Problem running
I am having trouble deciphering why the command crashes. Any help would be very appreciated.
Command run: ./nucleoatac run --bed /wsu/home/ba/ba02/ba0287/nucleosomedata/wt/nucleoatac/macs2/tg_peaks_slop.bed --bam /wsu/home/ba/ba02/ba0287/nucleosomedata/wt/tg_mononucleosomes/alignments/tg_mono.q10.s.bam --fasta /wsu/home/ba/ba02/ba0287/Mus_musculus/UCSC/mm10/Sequence/WholeGenomeFasta/Mm10.fa --out tg
nucleoatac version 0.1.3
start run at: 2015-04-14 20:15
/wsu/apps/gnu-4.7.2/python/Anaconda/Anaconda-2.1.0/lib/python2.7/site-packages/setuptools-5.8-py2.7.egg/pkg_resources.py:1032: UserWarning: /wsu/home/ba/ba02/ba0287/.python-eggs is writable by group/others and vulnerable to attack when used with get_resource_filename.

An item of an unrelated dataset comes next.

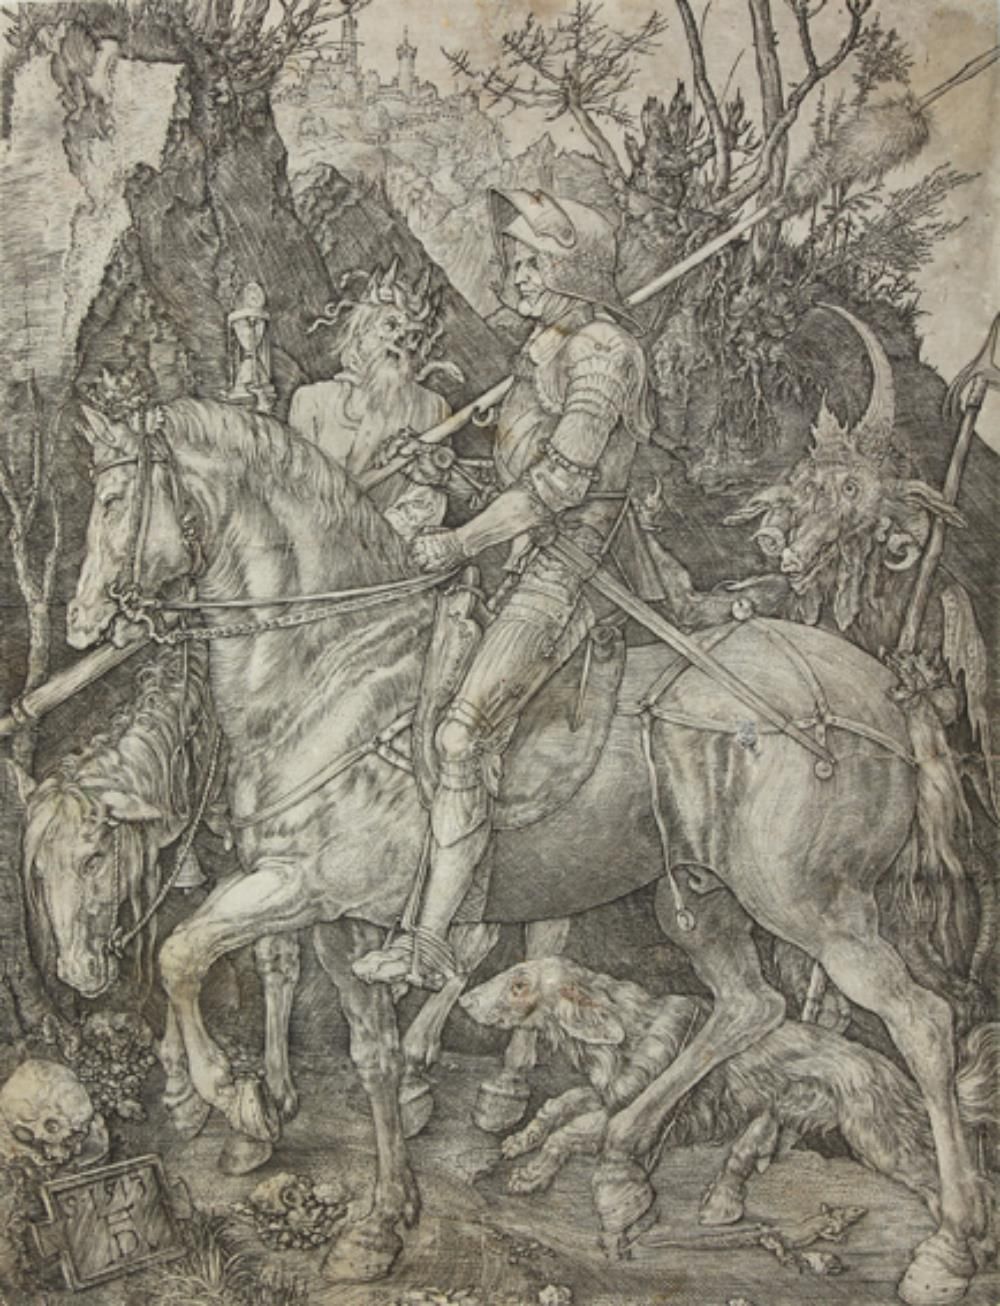 DURER, Albrecht (1471 - 1528 纽伦堡)。骑士、死亡和魔鬼。铜版画。24,5 x 18,7厘米。1513. B. 98, Meder &hellip;

Consider a more secure location (set with .set_extraction_path or the PYTHON_EGG_CACHE environment variable).
---------Step1: Computing Occupancy and Nucleosomal Insert Distribution---------
Traceback (most recent call last):
File "./nucleoatac", line 4, in
Something seems like its going wrong with reading in the bed file. What do the first few lines of the bed file look like? (The error is happening because when the script is trying to merge any overlapping bed regions there seems to be no bed regions that have actually been read in)
Hey Alicia! I know this was posted a while ago, but I'm following up because I'm running into a similar problem when trying it on our human neural crest ATAC data. The NucleoATAC software runs and outputs an output_basename.occ.bedgraph.gz file which is truncated part of the way through chromosome 1. Here are my error messages:
Command run: /data1/sprescot/python_virtual/bin/nucleoatac run --bed EnhancerClass_Strong_BED3.txt --bam human_ncc_atac_sort.bam --out HumanNCC_StrongEnhancersOnly --fasta ../../genomics/genomes/hg19.fa --cores 20
nucleoatac version 0.3.1
start run at: 2015-11-13 16:08
---------Step1: Computing Occupancy and Nucleosomal Insert Distribution---------
/data1/sprescot/python_virtual/local/lib/python2.7/site-packages/pyatac/chunk.py:174: UserWarning: 1 chromosome names in bed file not included in FASTA file:
chr17_gl000204_random
These regions will be ignored in subsequent analysis
warnings.warn(warn_message)
Making figure
---------Step2: Processing Vplot------------------------------------------------
---------Step3: Obtaining nucleosome signal and calling positions---------------
Traceback (most recent call last):
File "/data1/sprescot/python_virtual/bin/nucleoatac", line 291, in
Thanks a lot for your help! Sara
I have not figured out what causes this problem (haven't been able to reproduce it). @sprescot could you include what the last lines of the truncated output_basename.occ.bedgraph.gz are? And the format of the bed file? (i.e what first few lines of bed file look like).
Hey Alicia, seems it was a false alarm. I reran it using the same command and the output_basename.occ.bedgraph.gz was not truncated this time. It still displays the same error messages (IndexError: list index out of range) but all the files look correct, so I think I can ignore it. Thanks anyways for your help.
Hi there,
I went through the same issue as reported by Lopatica. And I figured out it was related to the .bed generated by MACS2. Actually, before running NucleoATAC, you have to remove the .bed header that describes the .bed file.
Hope that could help others.
Pierre-François
Thanks for figuring out this issue! I should enable the function that reads the bed file to skip the first line if it looks like a header.